I did not tell him that the data were for equivalent equations. The flimsy foundation of ridge regression was confirmed in my mind by the fact that he did not ask me anything about the data he was analyzing. They were just numbers to be manipulated. He was just like a computer. Numbers are numbers. Who knows or cares what they represent? He estimated the models and returned four contradictory sets of ridge estimates.

Smith played a similar prank on a technical stock analyst. He sent fictional daily stock prices based on student coin flips to the analyst to see if it would be a good time to invest. The analyst never asked what companies the price history was from but became very excited about the opportunity to invest in a few of them. When Smith informed him that they were only coin flips, he was disappointed. He was not disappointed that his approach found false opportunities in noise but that he could not bet on his predictions. He was such a firm believer in his technical analysis that he actually believed he could predict future coin flips.

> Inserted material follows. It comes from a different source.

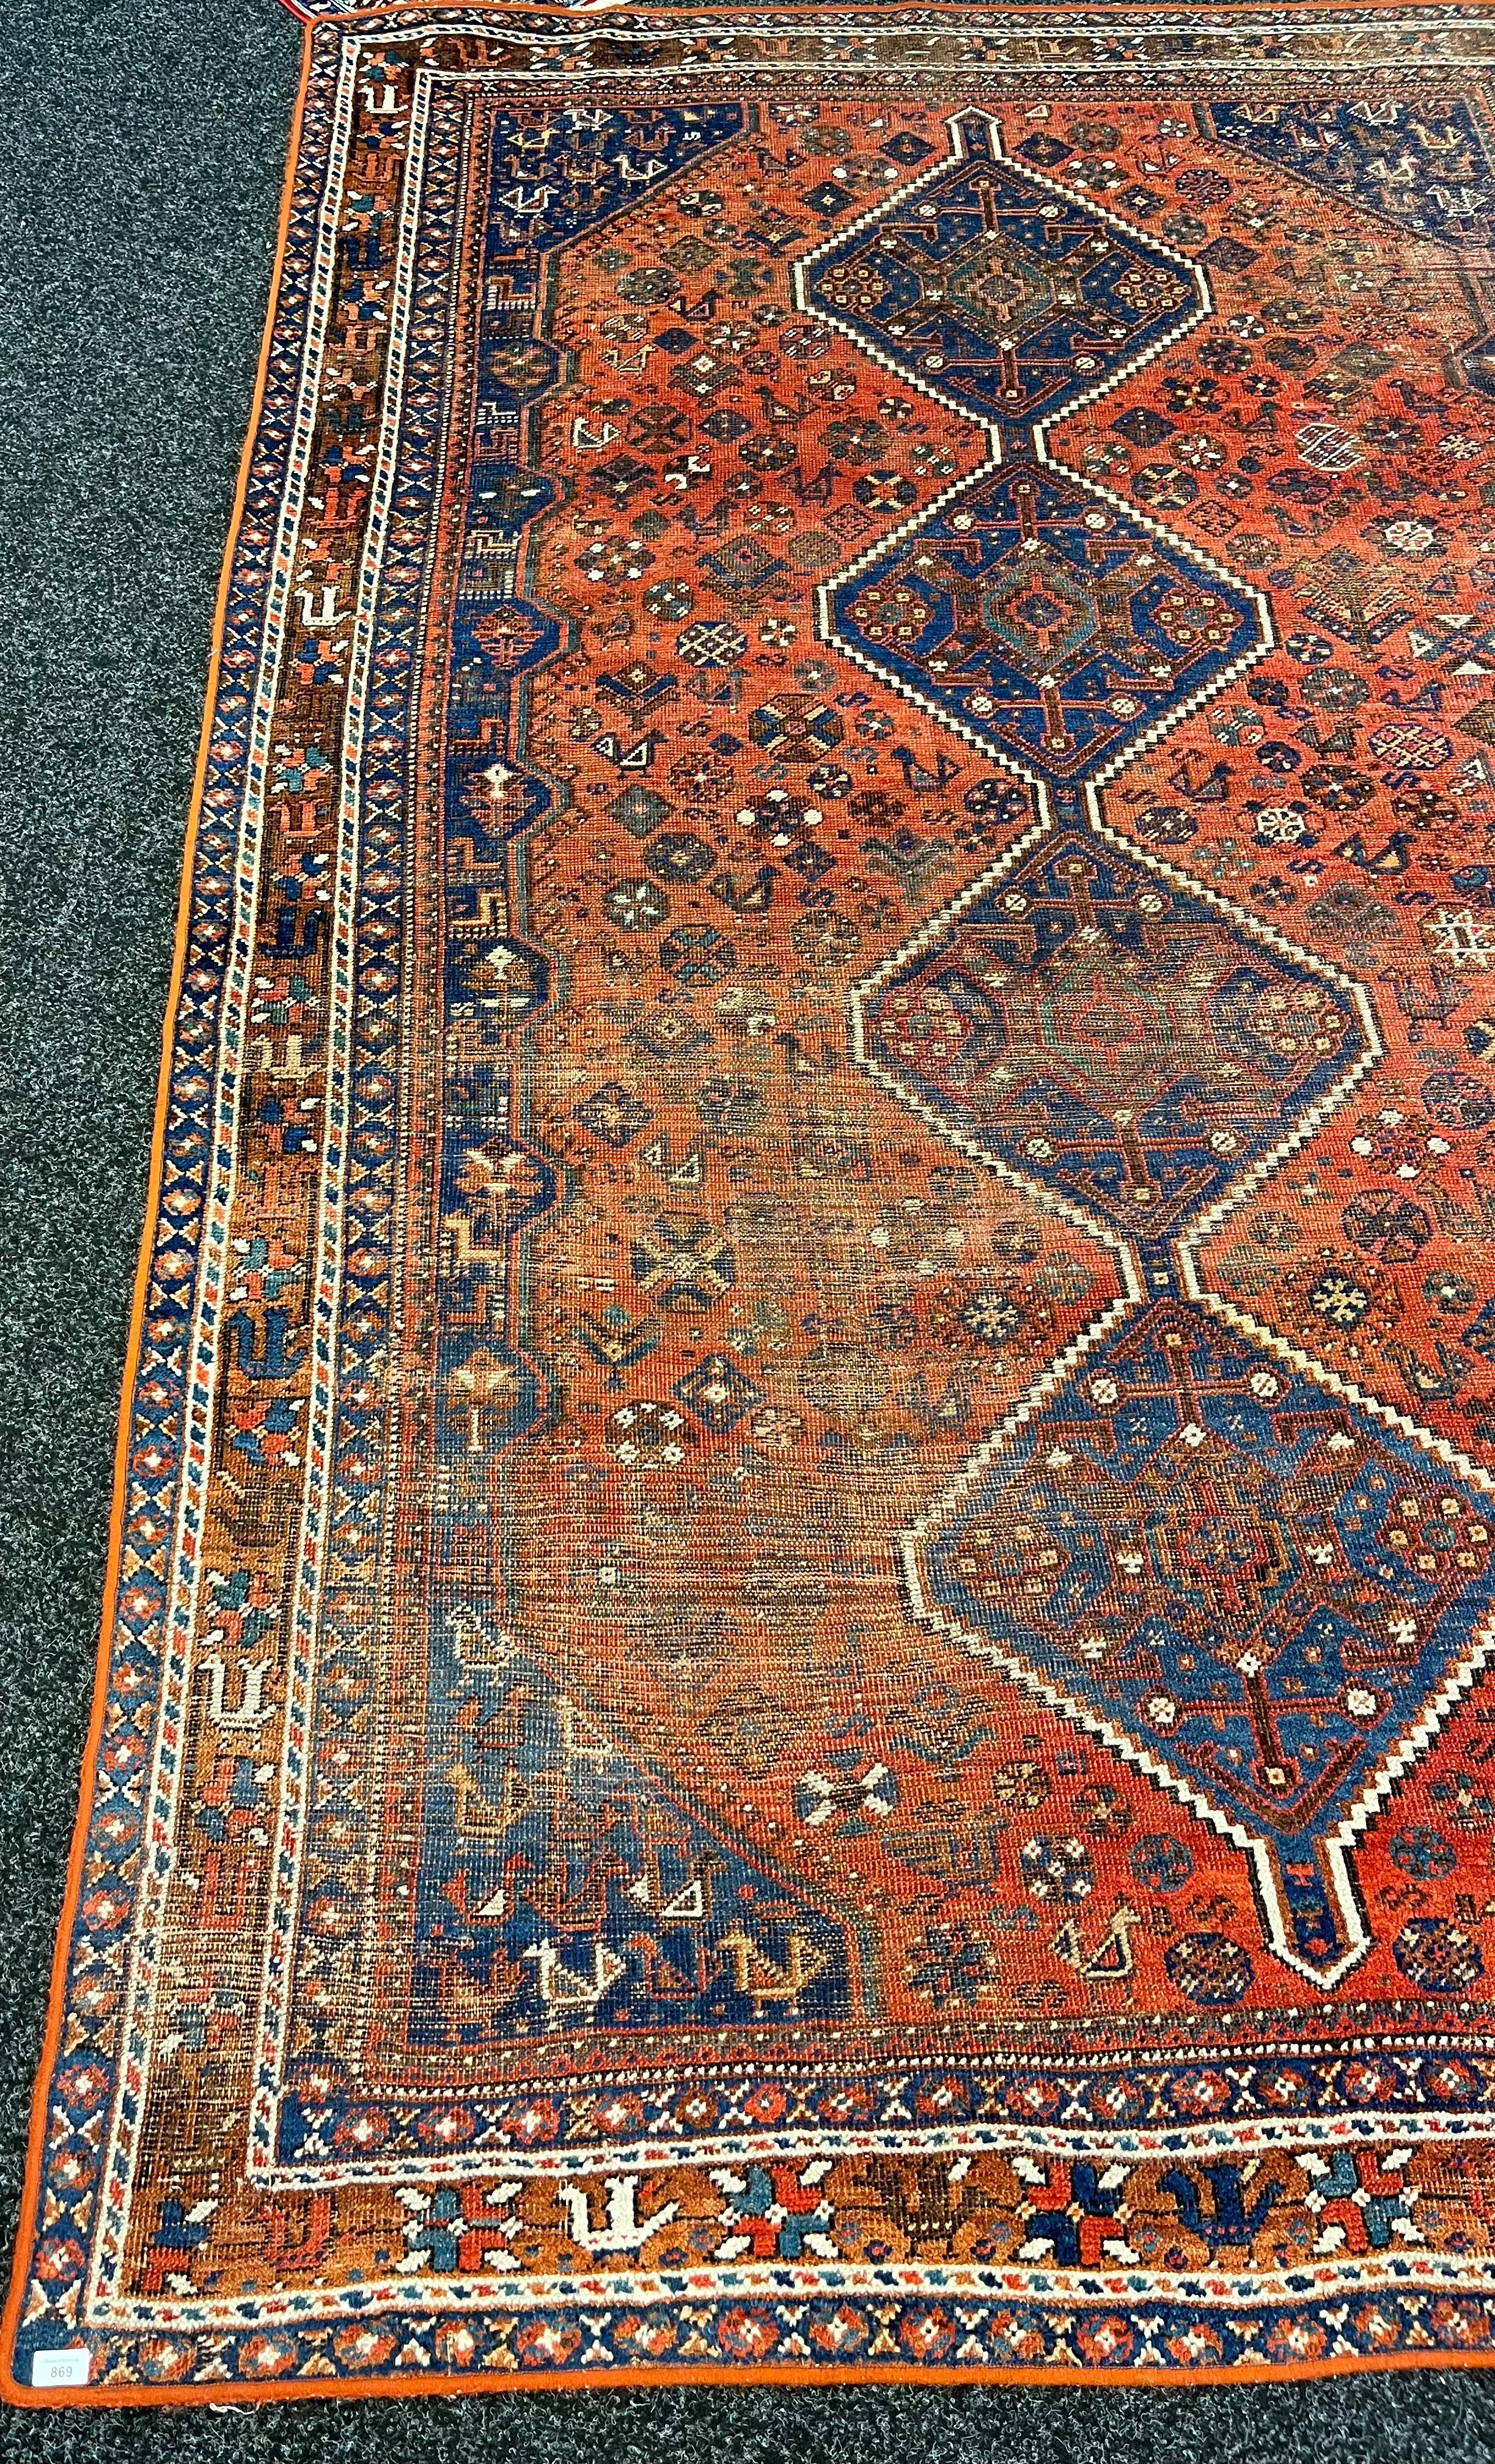 Provinz Gaschgai Iranian rug with certificate of authenticity [200x300cm] - Image 2 of 10

Automated stock-trading systems, similar to AI, are not concerned with real world companies; the buy and sell decisions are based entirely on transitory patterns in the price and the algorithms are tuned to the primarily meaningless noise of historical data. I wondered why, if stock trading systems are garbage, investment companies spend billions of dollars on trading centers as close to markets as possible. Smith explains this as well: they want to exploit tiny price discrepancies thousands of times per second or to front-run orders from investors and effectively pick-pocket them. This single-minded pursuit of a narrow goal without concern for the greater good is unfortunately also a feature of AI. The mindless world of high-frequency trading, both when it is profitable (exploiting others) and when it is not (making baseless predictions based on spurious patterns), serves as an apt warning about the future that awaits other industries if they automate their decision-making.

Gary Smith draws a clear distinction between post-hoc justification for patterns found rummaging through data and the formation of reasonable hypotheses that are then validated or refuted based on the evidence. The former is unreliable and potentially dangerous while the latter was the basis of the scientific revolution. AI is built, unfortunately, to maximize rummaging and minimize critical thinking. The good news is that this blind spot ensures that AI will not be replacing scientists in the workforce anytime soon.

There Are No Shortcuts

If you have read other books from Gary Smith, you know to expect many easy-to-follow examples that demonstrate his ideas. Physicist Richard Feynman once said “If you cannot explain something in simple terms, you don’t understand it.” Smith has many years of teaching experience and has developed a rare talent for boiling ideas down to their essence and communicating them in a way that anyone can understand.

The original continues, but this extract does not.